Two algorithms are available for determining the local X-ray background. The simpler one assumes that the background is circularly symmetric about the direct-beam position and determines the background in a radial stripe 50 pixels wide. The orientation of this stripe is at 90° to the direction of the rotation axis in order to avoid any shadow arising from a solid backstop support (on the assumption that these are normally aligned parallel to the rotation axis), but this can be changed by ‘drag and drop’ in the Image display or via the Spot finding tab. For tiled detectors, this stripe is automatically offset to avoid using pixels in the gaps between tiles for the initial estimate of the radial background. The second and generally preferred algorithm uses a local background calculation, which by default finds the background in boxes of size 50 × 50 pixels. In some cases, the local background method results in spurious spots being located close to sharp shadows in the image (e.g. owing to the backstop support). These are normally below the threshold for use in auto-indexing and can be ignored, but reducing the size of the local background region (e.g. to 20 × 20 pixels) will often eliminate these spurious spots. Even when the local background method is being used, an initial radial stripe background is determined to set parameters associated with the background determination, so it is important that this stripe (which can be displayed on the image with the spot-finding search area button) does not lie over a large shadow on the detector.
The inclusion of spots arising from crystalline ice can easily result in the failure of auto-indexing. To avoid this problem, spots within narrow resolution shells centred on the principal reflections of hexagonal crystalline ice are automatically excluded. In addition, if the diffraction is very weak the resolution limit for spot finding is automatically reduced to 4.5 Å in order to avoid including any noise features that might occur at higher resolution (e.g. owing to zingers) and the minimum spot size is also decreased. If there are only a few true Bragg spots present, the inclusion of only a small number of noise spots can lead to failure of the indexing. Finally, the intensity threshold for spots to be included in the auto-indexing is automatically set to 5, 10 or 20 depending on the strength of the diffraction (on the last image processed), which also decreases the chance of indexing failure. All of these options can be overridden in the Processing Options dialogue.
3.2. Indexing parameters
Only two user-definable parameters influence the indexing algorithm. These are the threshold for spots to be included in indexing (as mentioned in §3.1) and the maximum cell edge. The default value for the latter is set to the real-space distance corresponding to the closest two spots to be used in indexing, but this can be too high if spurious spots are above the indexing threshold or if a second lattice is present.
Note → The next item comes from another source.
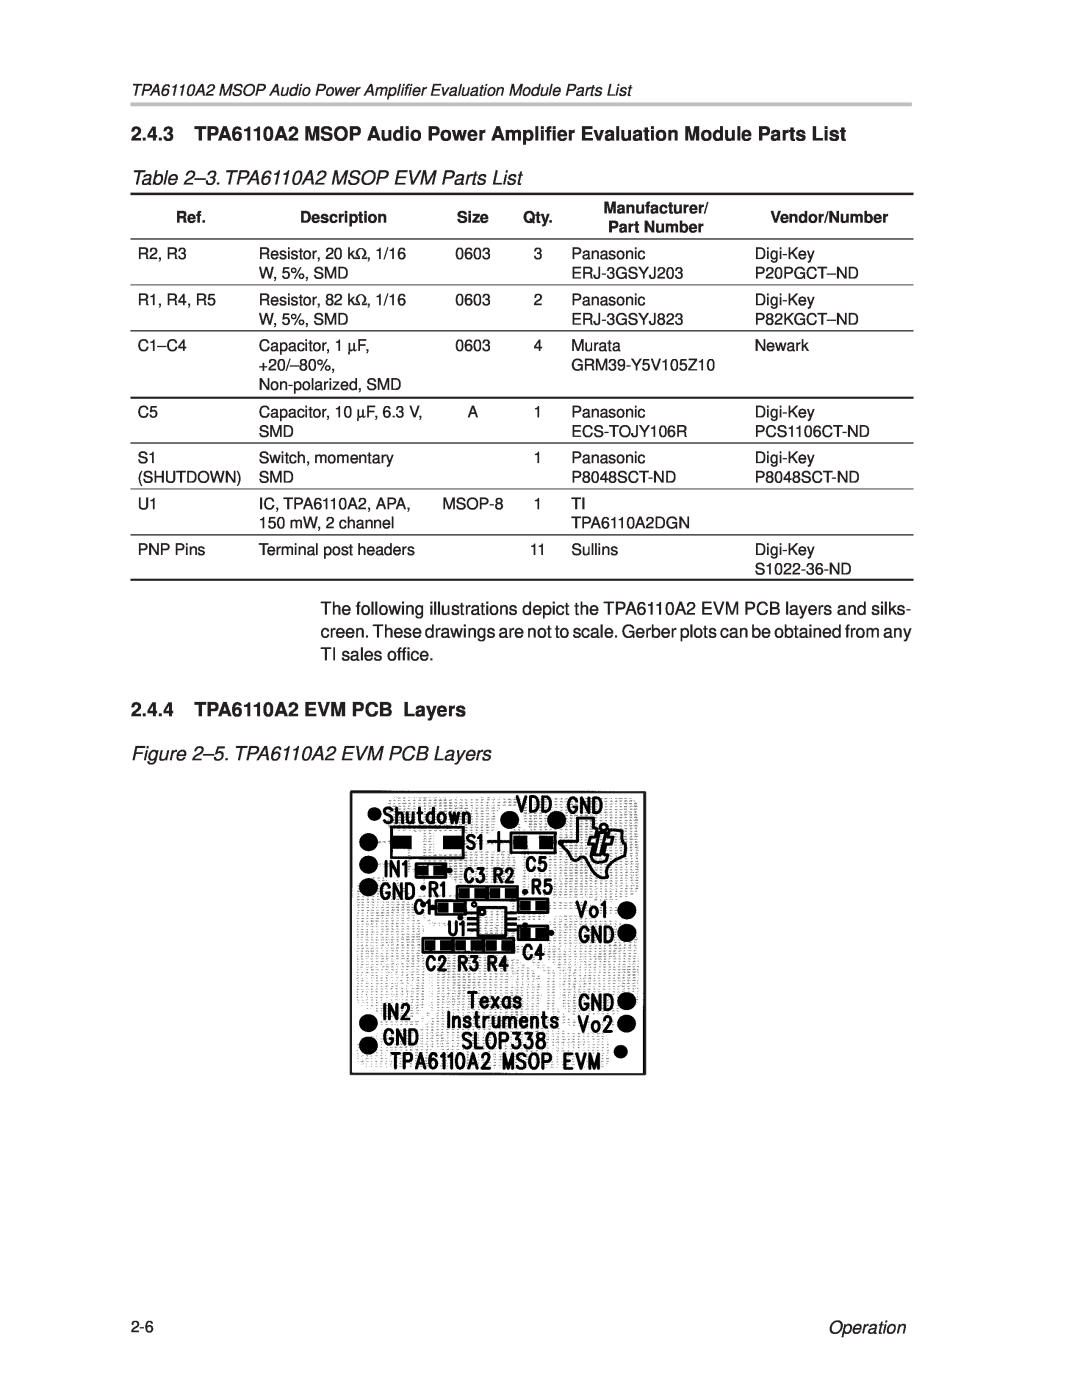 Texas Instruments manual ±3. TPA6110A2 MSOP EVM Parts List, 2.4.4TPA6110A2 EVM PCB Layers, ±5. TPA6110A2 EVM PCB Layers

3.3. Judging the success of the indexing
The most reliable way of assessing whether the chosen solution is correct is by inspecting the resulting prediction, preferably on all the images used in indexing and, if available, also on some images not used in indexing. The predicted reflections should agree with the observed Bragg spots both in position and in terms of the general appearance of the lunes (the typically crescent-shaped or sometimes approximately circular regions of spots on the image, each of which contains reflections from a different plane in reciprocal space). Note that unless the mosaicity has been estimated (see §3.7) not all observed spots are predicted. Different solutions in the indexing results table can be selected to check the corresponding predictions. A correct solution will normally have a penalty lower than 20, provided that the values for the experimental parameters (direct-beam position, distance and wavelength) are correct. Another useful indicator is the positional residual, denoted σ(x,y) in the table, which is the r.m.s. difference between the observed and calculated spot positions. Typical values are 0.1–0.2 mm for synchrotron images and 0.2–0.3 mm for images collected using a laboratory source (where the spots are larger). However, if the spots are split or very irregular in shape this value can be as high as 1–1.5 mm for the correct solution and therefore it is not possible to define a cutoff value that is applicable in all cases. Errors in the experimental parameters may also produce larger values. The positional residual can be a useful indicator of the presence of pseudosymmetry. If, for example, the symmetry is monoclinic but with a β angle close to 90°, the automatically chosen solution will probably be the (pseudo) orthorhombic one. If close inspection reveals that there is a monoclinic solution with a positional residual that is more than 0.1 mm less than that for the orthorhombic solution, it is very probable that the monoclinic solution is correct. Choosing the correct solution is important when selecting a data-collection strategy, but the only way to be confident of the correct Laue group is to collect and integrate images corresponding to a small rotation (e.g. 3–10°) and then to run POINTLESS (Evans, 2011 ▶; see §6.7).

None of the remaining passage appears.